1−1 教会
オリガは馬車の窓から見える街の様子を、窓に張り付くように見ていた。座席に乗り上げていないのは彼女が子供というには少しばかり成熟した女性だったからだろう。しかし、彼女のその好奇心に満ちた瞳は幼い子供と何ら変わりのないものだった。

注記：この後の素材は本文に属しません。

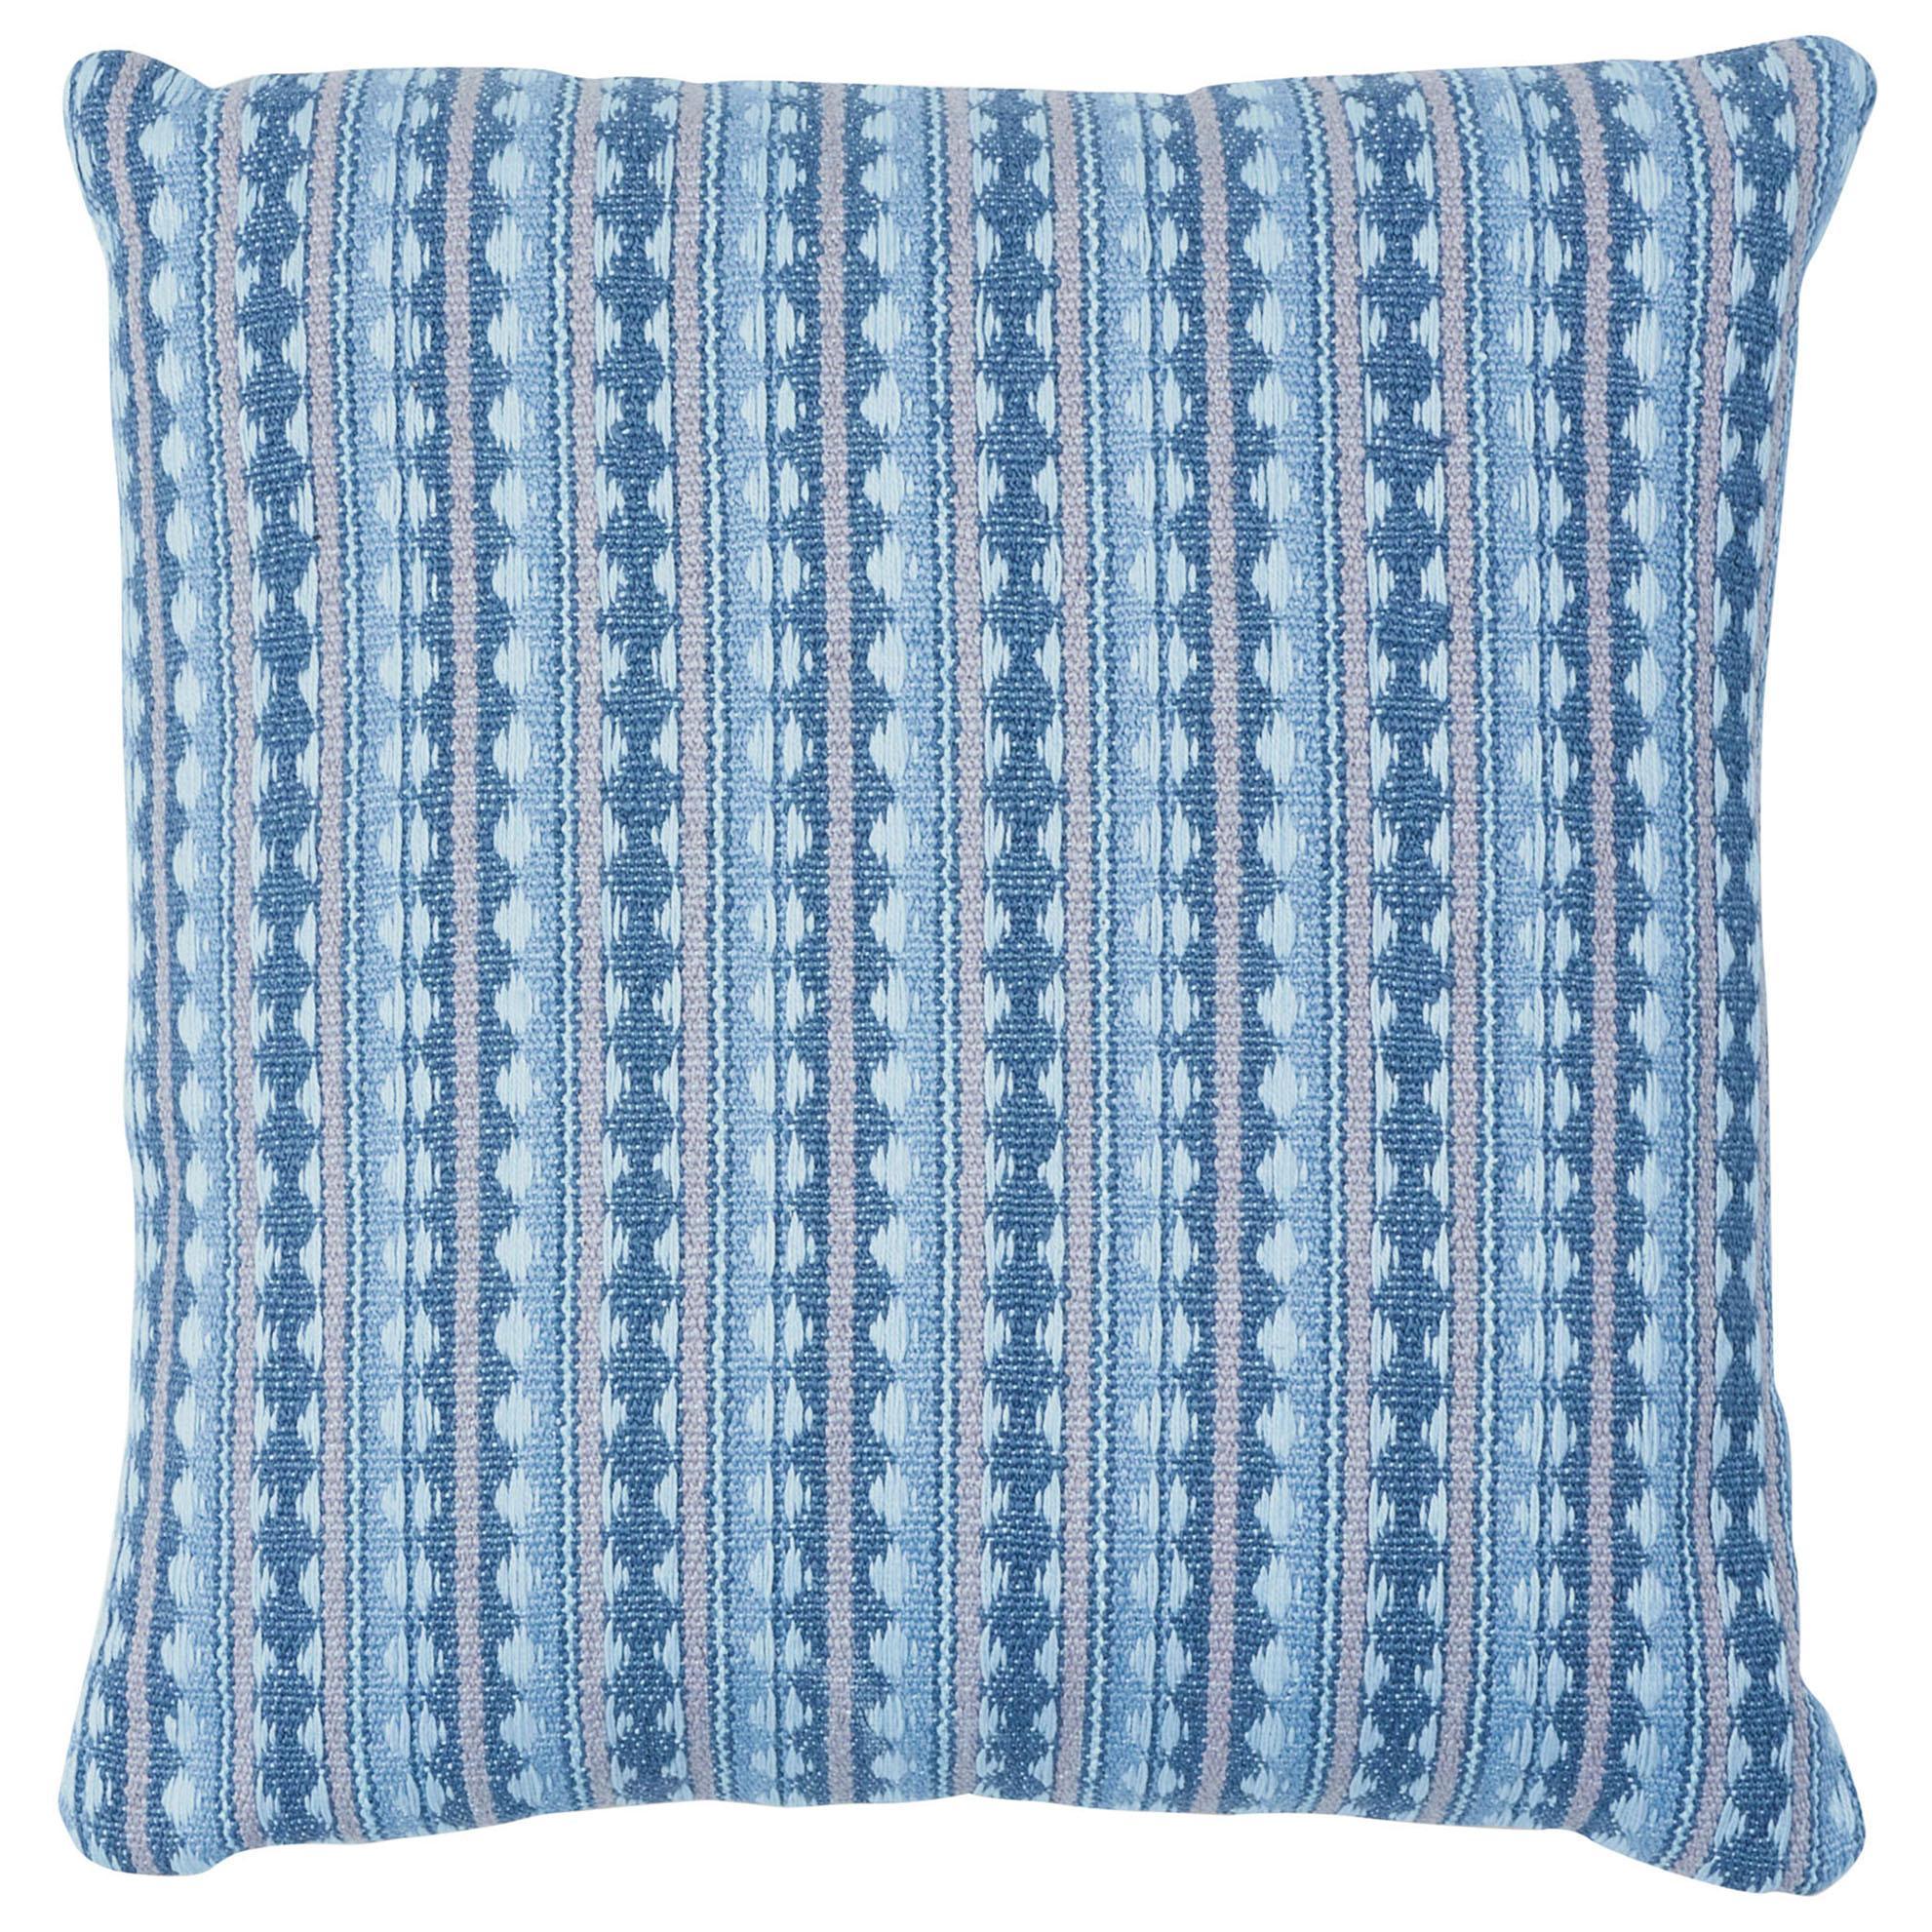 Schumacher Tarnby Stripe Pillow in Sky

アストリアル帝国の最北端の街エルド。帝国内で最も冬が厳しいその街では、他国の貿易品が集まる貿易港としても有名な街である。
帝都とはまた違う街並みにオリガは目を輝かせる。
帝都には初代皇帝が定めた美観法があり建築物の壁は白か青で統一されているため、帝都全体が整然とした格式の高い様相をしている。しかし、ここ、エルドではサーモンピンクやイエロー、スカイブルーなど色とりどりの建物が並んでいた。街は色が多彩でそれだけでも目が騒がしいのに、道行く人たちも何かに追われているかのように皆早歩きだったり小走りなのでなにだか忙しなかった。けれどその顔には笑顔があり、活気を感じさせる。異国の品々を売る商人や、服を広げる露天。食べ物を売る屋台屋楽器を弾くものが石畳に座り込んでいる。生まれも育ちも帝都のオリガにはそれがとても新鮮に見えてた。
「ポルドさん、ここまででいいです!」
心惹かれる街並みにオリガは我慢ができずに馬車の窓から顔を出した。
オリガの金髪がふわりと広がる。御者のポルドはオリガに言われた通り街角でオリガの荷物とオリガを下ろした。
「本当にこんな街中でよろしいので?」
ポルドの確認するような言葉にオリガはにっこりと笑った。楽しくて仕方ない、と言った表情にポルドは苦笑を浮かべる。たった半日しか彼女と接していないが滲み出る箱入り娘感を薄々と察知していたのだ。馬車を止められた時は何か苦情があるのかと思ったがそうではないのだろう。きっと馬車から見えた活気のある街並みに当てられたのだ。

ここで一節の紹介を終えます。